# Bluebirds in my birdbath sharing with some Sparrows.



## Ruth n Jersey (Sep 27, 2020)

Before I grabbed my camera there were five of them together but as usual I wasn't fast enough. I was surprised to see them this late in the season. They weren't to happy to share their bath with the other birds and on occasion tried to chase them away.


----------



## Aunt Marg (Sep 27, 2020)

Oh the sweetness!

Nice capture, Ruth!


----------



## SeaBreeze (Sep 29, 2020)

Such sweet little ones Ruth, thanks for posting that!  We have some aggressive Magpies and Crows in our yard, and I hate when they bully the smaller birds.


----------



## Aunt Marg (Sep 29, 2020)

SeaBreeze said:


> Such sweet little ones Ruth, thanks for posting that!  We have some aggressive Magpies and Crows in our yard, and I hate when they bully the smaller birds.


We were having the same problem with Blue Jays, however, it didn't take long for us to shoo the Jays away.

Aside from being visited by House Sparrows and House Finches, our other regulars are Mountain Chickadees, Red Breasted Nuthatches, Pine Siskins, Black-Capped Chickadees, and the Dark-Eyed Juncos, and nothing is sweeter than when the fledglings visit with mom and dad for the first time.

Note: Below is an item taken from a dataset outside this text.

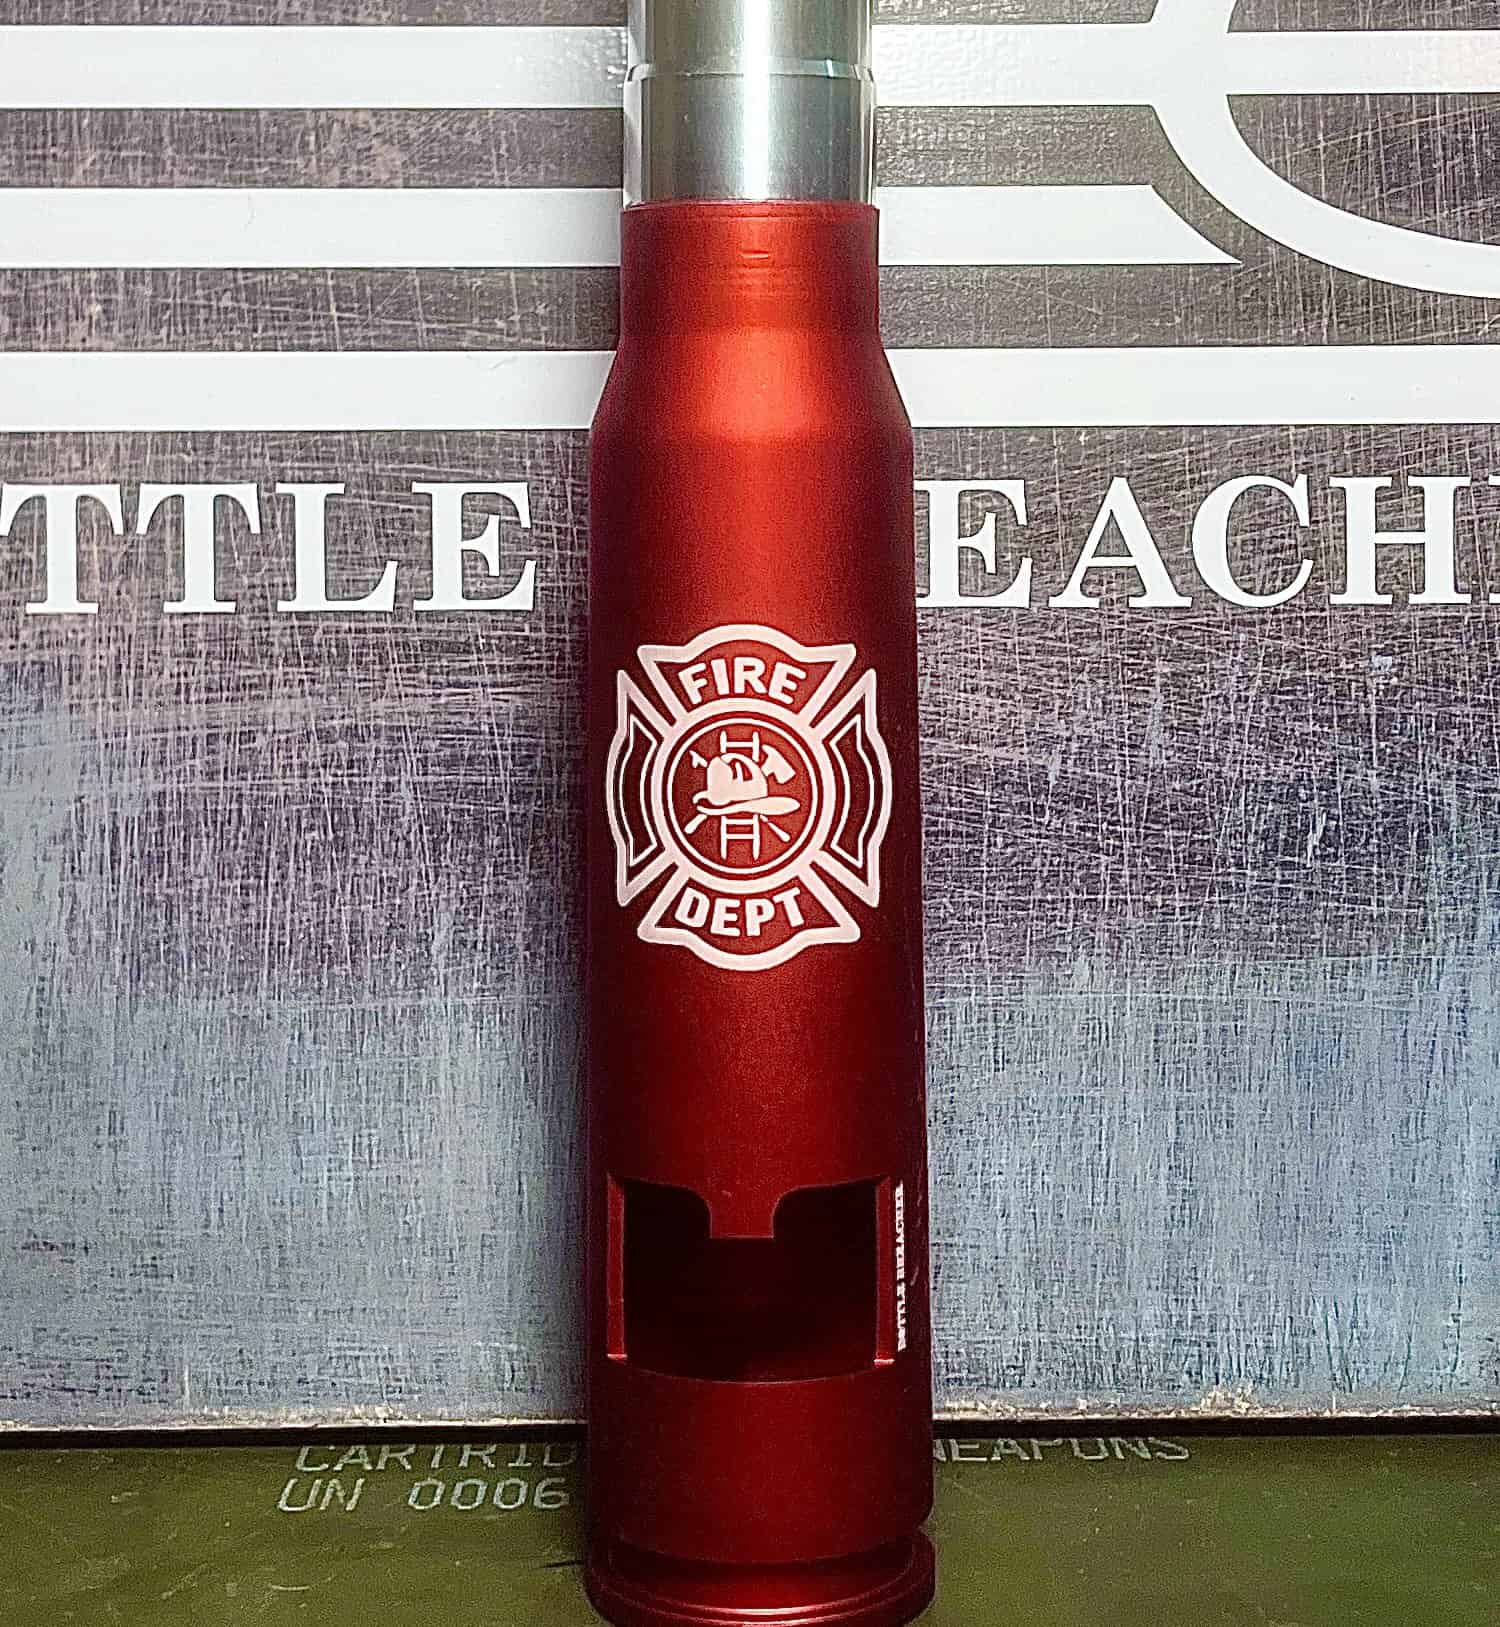 Firefighter 20mm Bottle Opener - Bottle Breacher

Bird-watching has become a serious pastime of mine.


----------



## juliet799 (Oct 11, 2020)

It's a beautiful, nice picture


----------



## Keesha (Oct 11, 2020)

What a lovely sight Ruth. That’s a great photo.
You’ve got a fine lifestyle there and it really shows that you enjoy it. ❤


----------



## Granny B. (Oct 11, 2020)

Great pics, Ruth.  Brought a smile.  Thanks.


----------